We reproduce the results obtained in Filbin et al 2020 using the Olink data (timepoint D0)
We compare COVID-19 positive patients to identify biomarkers of severity (timepoint D0)

Note: To define the different severity groups we make use of the WHO scores assigned to the patients.

[1]:

import os

from ckg.analytics_core.analytics import analytics
from ckg.analytics_core.viz import viz

from ckg.graphdb_connector import connector
from ckg.graphdb_builder import builder_utils

from plotly.offline import init_notebook_mode, iplot
%matplotlib inline
init_notebook_mode(connected=True)

c:\users\sande\.conda\envs\pip_rev\lib\site-packages\outdated\utils.py:18: OutdatedPackageWarning: The package pingouin is out of date. Your version is 0.3.11, the latest is 0.3.12.
Set the environment variable OUTDATED_IGNORE=1 to disable these warnings.
  **kwargs

WGCNA functions will not work. Module Rpy2 not installed.
R functions will not work. Module Rpy2 not installed.
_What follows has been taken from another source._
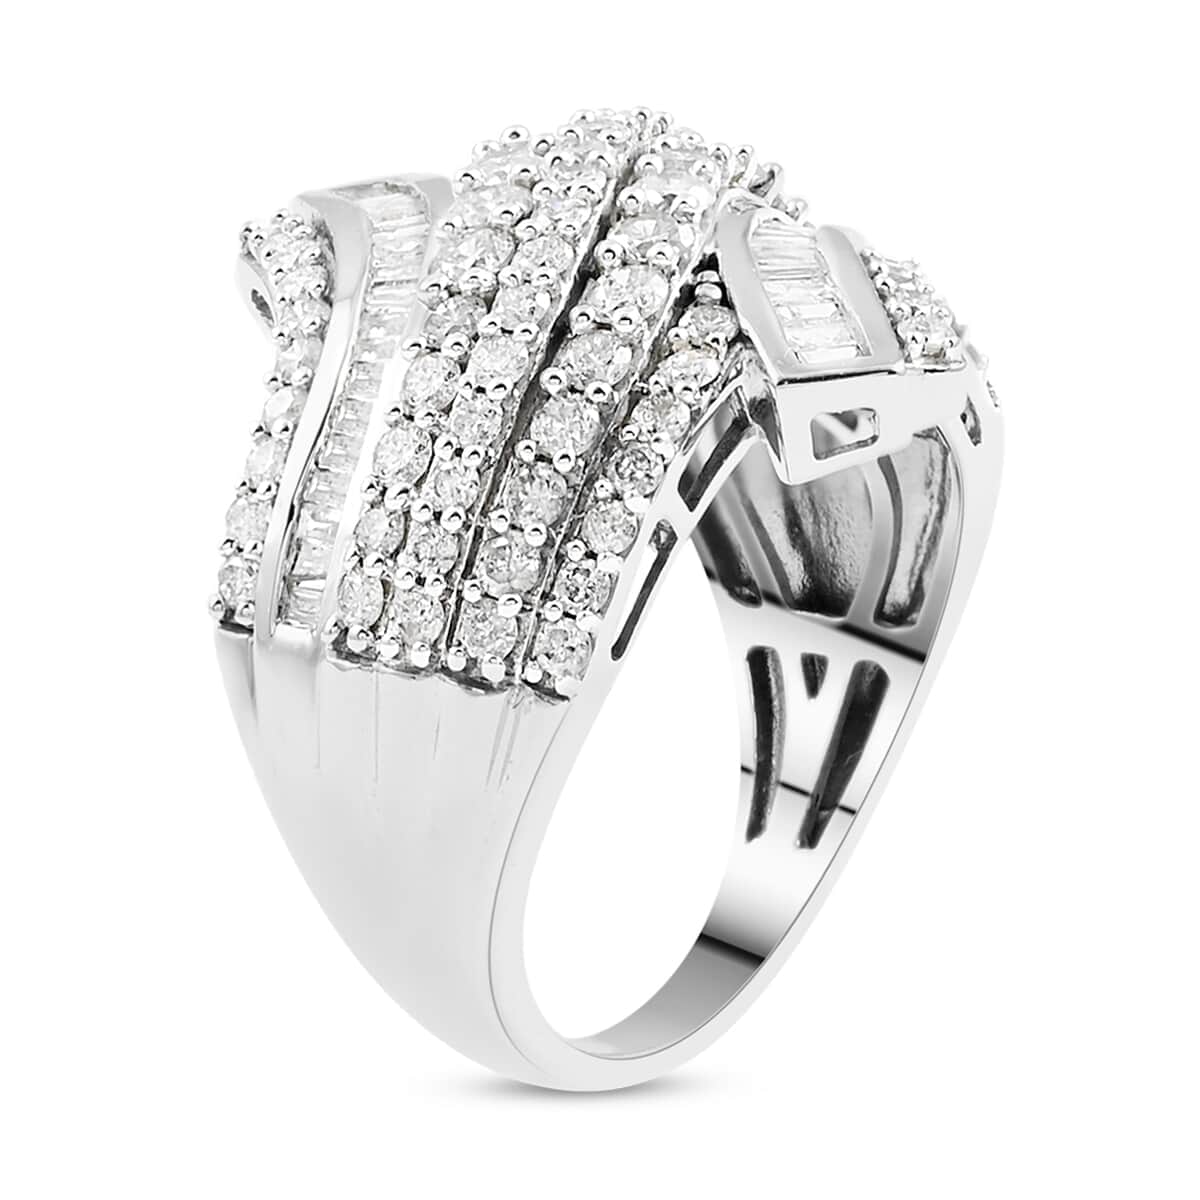 10K White Gold G-H I3 Diamond Ring (Size 7.0) 7.35 Grams 2.00 ctw image number 3

Reading proteomics and clinical data¶

[2]:

#### Access: Data provided by the MGH Emergency Department COVID-19 Cohort
#### (Filbin, Goldberg, Hacohen) with Olink Proteomics. https://www.olink.com/mgh-covid-study/

olink_file = '../../assets/MGH_COVID_OLINK_NPX.txt'
olink_clin_file = '../../assets/MGH_COVID_Clinical_Info.txt'

Proteomics data¶

[3]:

olink_data = builder_utils.readDataFromCSV(olink_file, sep=';', comment='#')

[4]:

olink_data.head()

[4]:

	SampleID	subject_id	Timepoint	Index	OlinkID	UniProt	Assay	MissingFreq	Panel	Panel_Version	PlateID	QC_Warning	LOD	NPX
0	1_D0	1.0	D0	56	OID21311	Q9BTE6	AARSD1	0.04	ONCOLOGY	1	20200772_Plate5_NEURO_ONC	Pass	0.7204	3.2277
1	1_D0	1.0	D0	56	OID20921	Q96IU4	ABHD14B	0.06	NEUROLOGY	1	20200772_Plate5_NEURO_ONC	Pass	0.5696	0.7205
2	1_D0	1.0	D0	56	OID21280	P00519	ABL1	0.04	ONCOLOGY	1	20200772_Plate5_NEURO_ONC	Pass	0.5313	2.6293
3	1_D0	1.0	D0	56	OID21269	P09110	ACAA1	0.12	ONCOLOGY	1	20200772_Plate5_NEURO_ONC	Pass	2.0588	3.2670
4	1_D0	1.0	D0	56	OID20159	P16112	ACAN	0.04	CARDIOMETABOLIC	1	20200772_Plate5_CARDIO_INF	Pass	1.1623	2.0308

QC and data exploration¶

[5]:

print("Number of proteins:", len(olink_data['UniProt'].unique()))

Number of proteins: 1420

[6]:

olink_data.shape

[6]:

(1148916, 14)

Remove proteins with QC warnings¶

[7]:

olink_data['QC_Warning'].unique()

[7]:

array(['Pass', 'Warning'], dtype=object)

[8]:

olink_data.groupby('QC_Warning').count()['SampleID']

[8]:

QC_Warning
Pass       1136634
Warning      12282
Name: SampleID, dtype: int64

[9]:

olink_data = olink_data[olink_data['QC_Warning'] == 'Pass']

[10]:

olink_data.shape

[10]:

(1136634, 14)

[11]:

print("Number of proteins that passed Olink QC:", len(olink_data['UniProt'].unique()))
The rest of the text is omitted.